Dari pengujian ini juga diketahui aliran gas mencapai 5,096 juta standar kaki kubik per hari (MMSCFD).
Begitu mengetahui aliran mulai stabil, tim melakukan multi rate test (MRT). Hasil pengujian memperkirakan laju produksi stabil sumur sebesar 129 BOPD dan gas 1,8 MMSCFD setelah beroperasi optimal.
"Penemuan sumur ini hasil dari upaya berkelanjutan tim menghadirkan inovasi dalam kegiatan eksploitasi pengembangan. Keselamatan kerja tetap menjadi prioritas dalam setiap pekerjaan agar kontribusi yang diberikan optimal mendukung ketahanan energi nasional," katanya.
Sumur ABB-145 merupakan sumur pengembangan (infill well) yang termasuk dalam Program RK Pengeboran 2026. Tajak sumur dimulai pada 31 Januari 2026 dan kegiatan pengeboran serta komplesi selesai pada 28 Februari 2026.

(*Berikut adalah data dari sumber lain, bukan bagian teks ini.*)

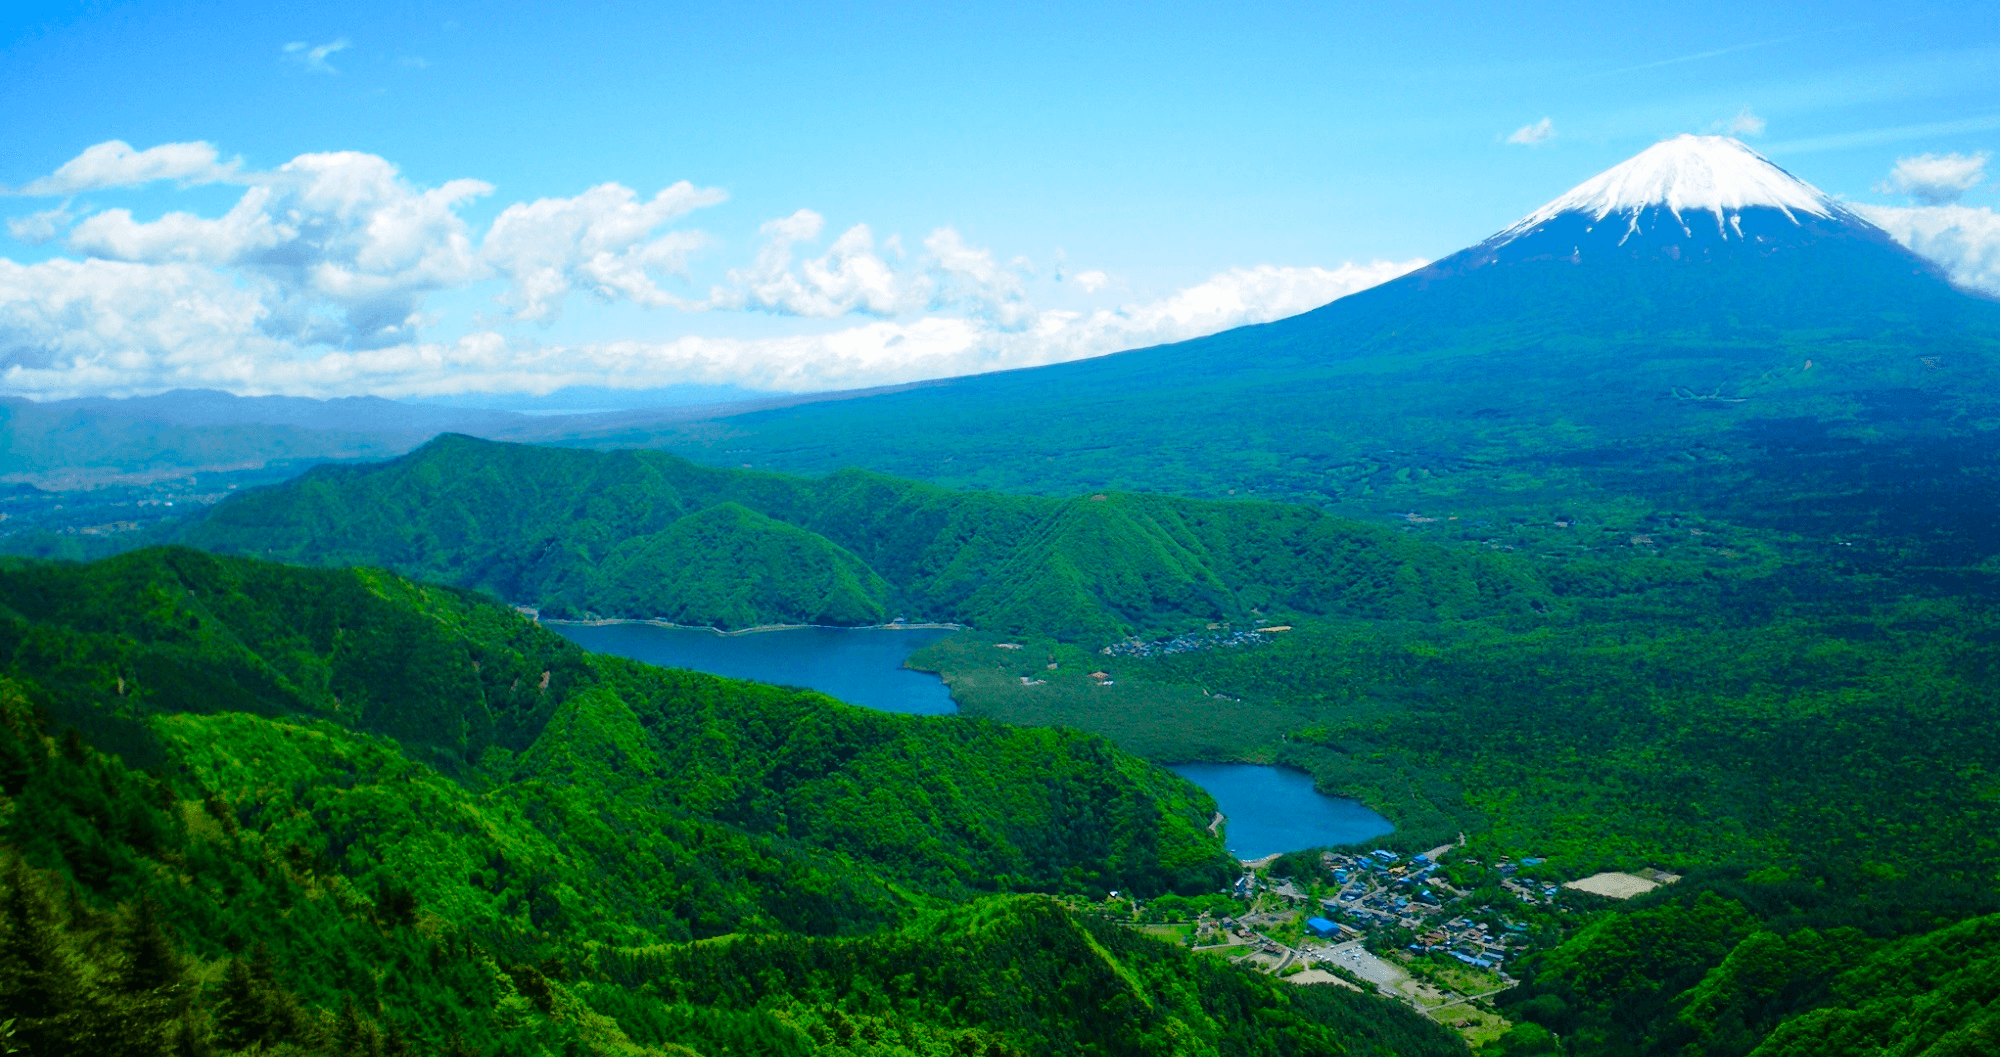 Source: Mount Fuji Climbing
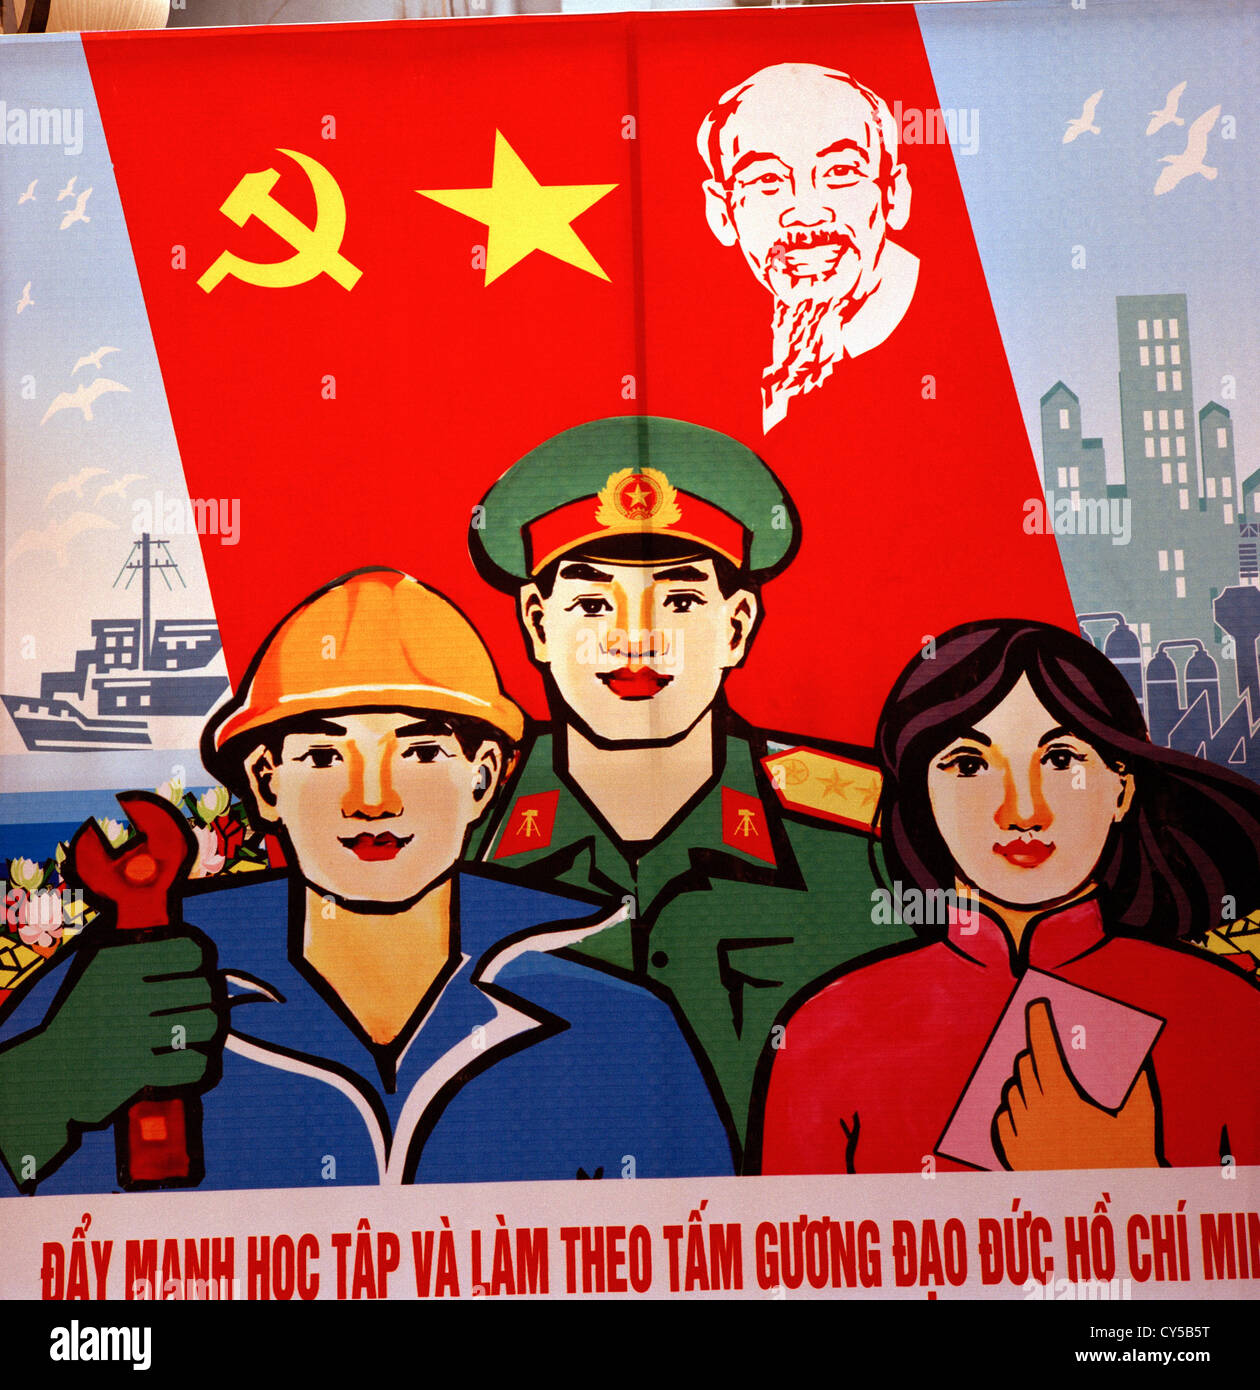 La propagande politique à Hanoi au Vietnam en Extrême-Orient asie du sud-est. politique communisme socialisme socialiste communiste Ho chi minh histoire Banque D'Images
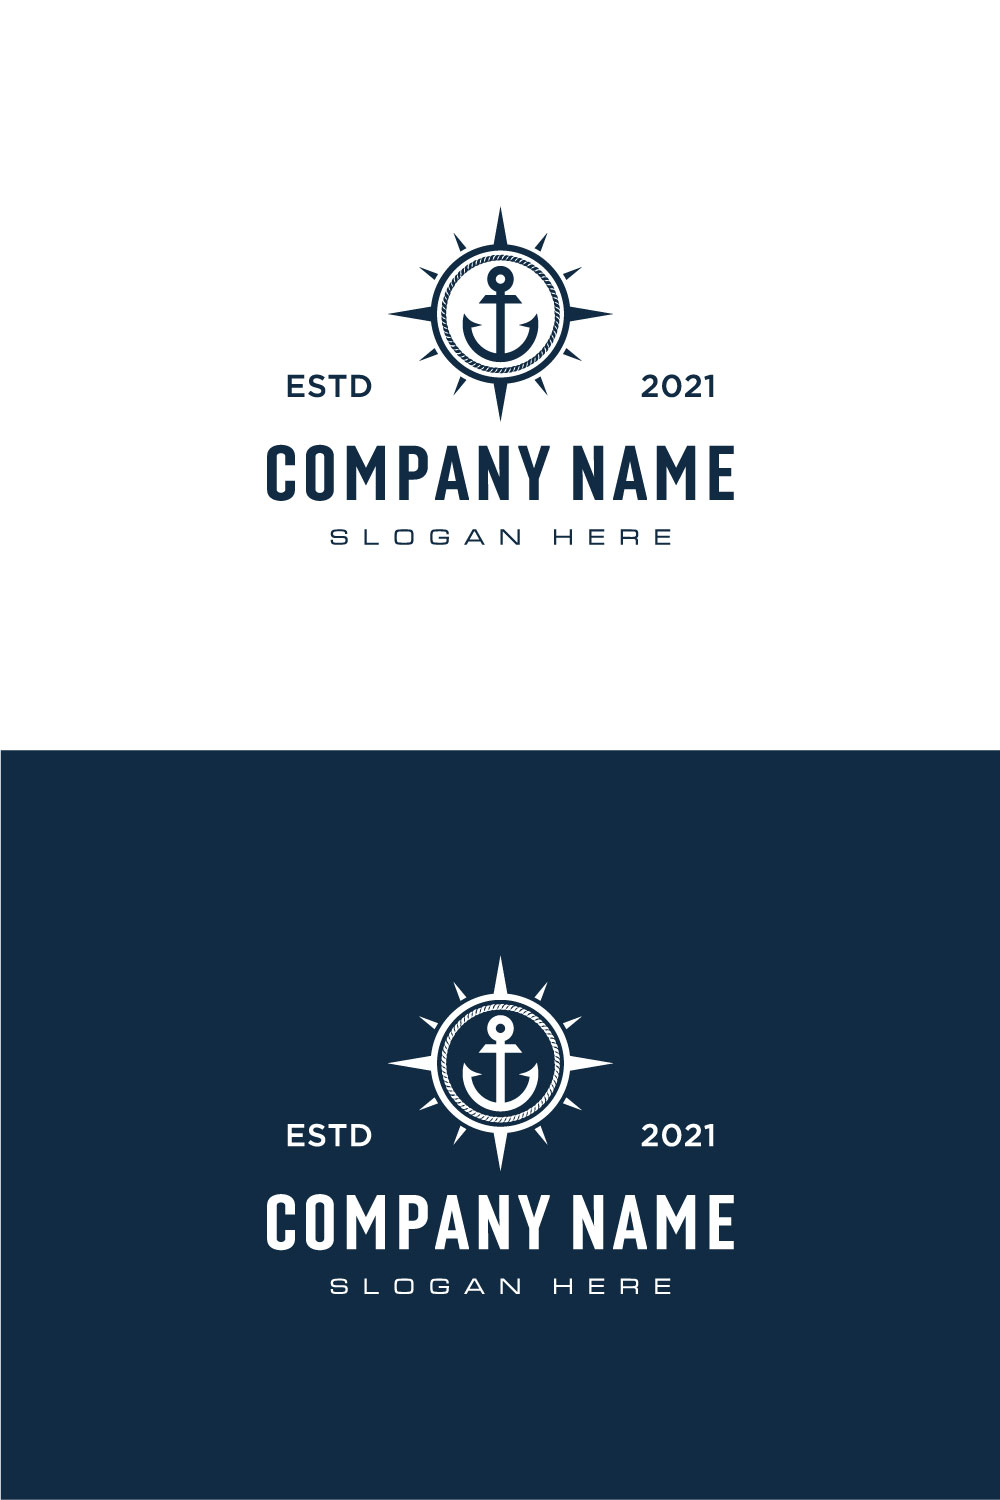 Anchor And Compass Logo Design Vector Facebook Image.

Lokasi sumur ini diketahui berkat keberhasilan pengeboran sumur ABB-140 pada 2023 dan ABB-143 pada 2025 yang menunjukkan adanya potensi stratigraphic play di bagian timur laut Struktur Abab.
Salah satu terobosan dalam penentuan lokasi sumur ABB-145 adalah pemanfaatan data seismik 3D terbaru di Lapangan Abab yg diakuisisi pada tahun 2023.Data itu memberikan gambaran kondisi bawah permukaan yang lebih detail dibandingkan interpretasi sebelumnya yang masih mengandalkan data seismik 2D.
Kemudian, data dianalisis dan diintegrasikan dengan data sumur yang telah ada, termasuk performa reservoir dari sumur-sumur referensi sebelumnya.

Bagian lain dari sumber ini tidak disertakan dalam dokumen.